Here’s my super-basic recipe for homemade sour mix. Really, the ratios depend on what kind of citrus I’ve got on hand, and what I’m mixing with. More lemon goes great with whiskey, more lime with tequila. I’ve made great sour mix using grapefruit and lemon for amaretto sours. I’m sure you know the trick about microwaving citrus for 10+ seconds and rolling it to extract the most juice, ’cause you are a bar god/goddess. Own it!sourMix

Make a simple syrup with 1 cup boiling water mixed with 1 cup sugar. Stir to dissolve, and let cool to room temp. Meanwhile, juice 1 generous cup freshly squeezed lemon juice [4-5 large juicy lemons], and 1/2 cup juice from fresh-squeezed limes [4 limes].  Or, whatever ratio of citrus you like that gets you 2 parts simple syrup to 3 parts citrus juice. Strain the citrus through a fine mesh strainer to remove seeds and pulp. Mix citrus and syrup together [I like shaking & storing it in a quart mason jar], and it will keep in the fridge for weeks.

New York Sour

The great thing about mixing drinks at home [especially in Utah], is that you can mix them to YOUR taste, not to the letter o’ the state liquor law. So, fair warning, this drink is a bit stiffer than the one you’ll be served at a bar in the Beehive state. The egg white is totally optional – I’ve got fresh eggs coming out the wahzoo from my backyard hens so I’m not worried about cooties—it just gives the drink a little more velvety body and helps the wine “float.” If I’m making drinks for a crowd I leave the egg out ‘cause it’s a total pain in the ass to crack all of ‘em perfectly and you don’t want ANY yolk ending up in your drink [yellow strings of egg = gross].

2 oz. rye whiskey

1.5 -2.0 oz. homemade sour mix*

0.5 oz. Disaronno [or amaretto liqueur]

1 egg white [optional]

Tiny pinch of sea salt

0.5 oz. rich fruity red wine [like Bordeaux]

New York Sour

New York Sour

Add all ingredients except the wine to a cocktail shaker filled with ice. Shake like crazy. Strain into a highball glass or tumbler filled with fresh ice. Pour wine slowly over the back of a spoon to “float” on top of the cocktail.
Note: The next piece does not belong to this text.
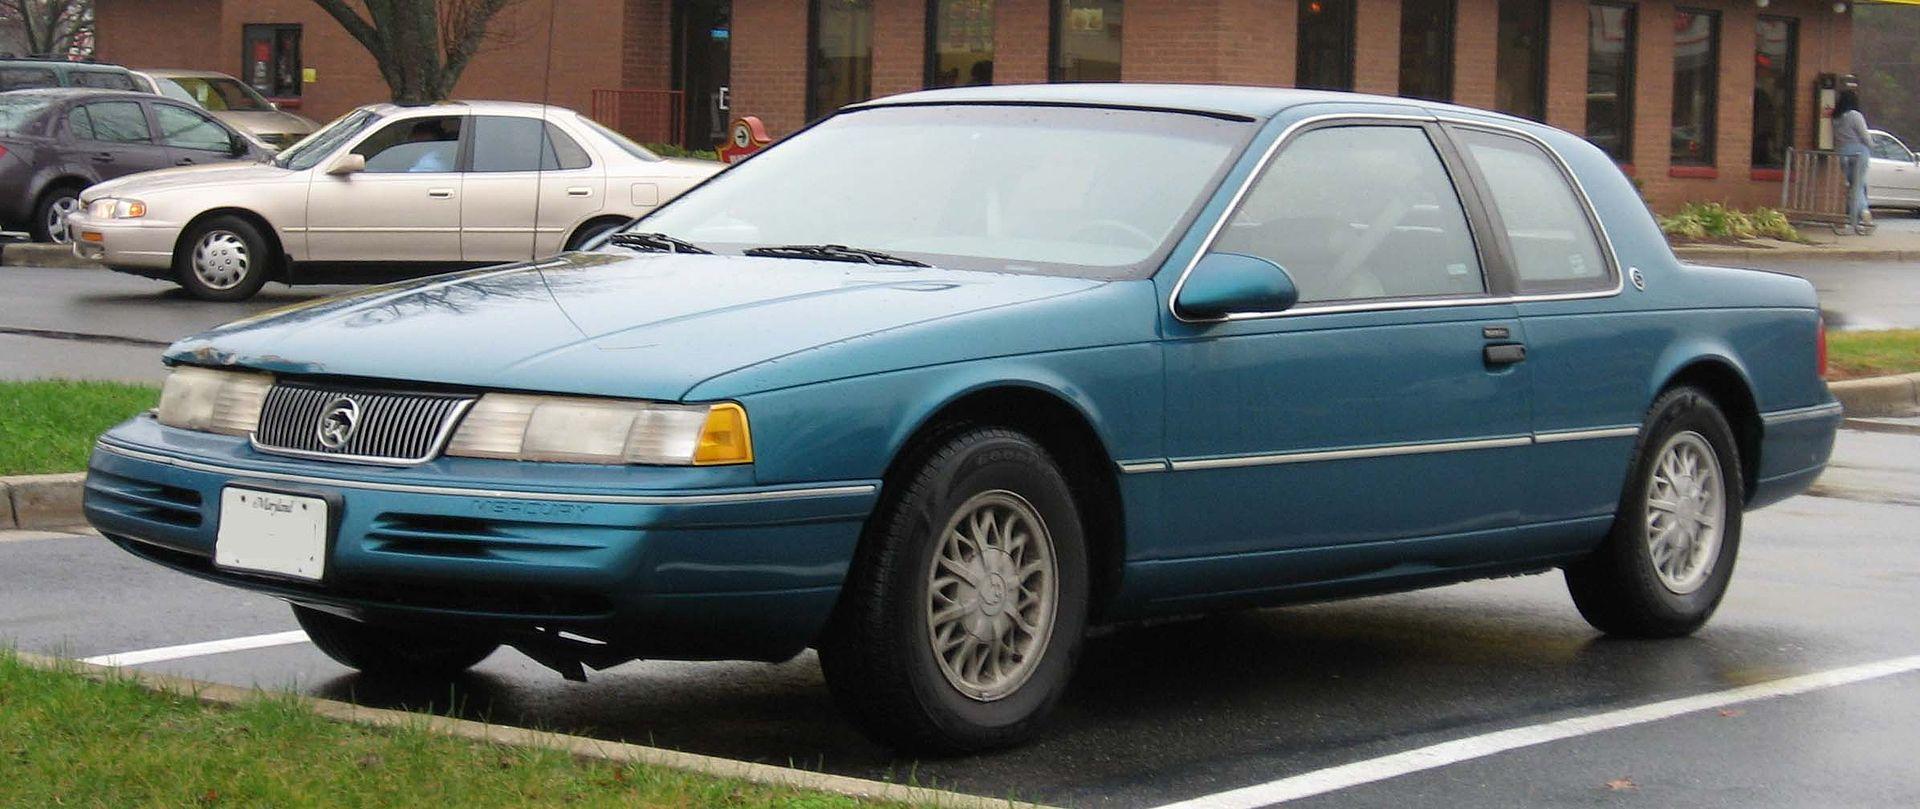 OBX Ceramic Cat Fits 99 To 00 Ford Contour 1999 Mercury Cougar 2.5L V6 Duratec

 ** In case you are color blind, never go to the ‘seasonal’ aisle in the store, or don’t have a calendar, I’ll remind you that Valentine’s Day is THIS Friday, y’all. It’s hard to believe, but it was just about this time last year that I’d started this here blog [I know! A year!], and posted a rant on why y’all should avoid restaurants for V-day, and might choose to make “Oh, You Sexy Beets!” Dirty Martinis at home, instead. It’s a tougher sell this year, since a Friday or Saturday holiday doesn’t get the middle-of-the-week buy-out. Sucks to be you. I also recently posted a blog over at my other gig at cityhomeCOLLECTIVE about Chocolate-centric stuff you can do all this month in the SLC. Why save the romance for one day?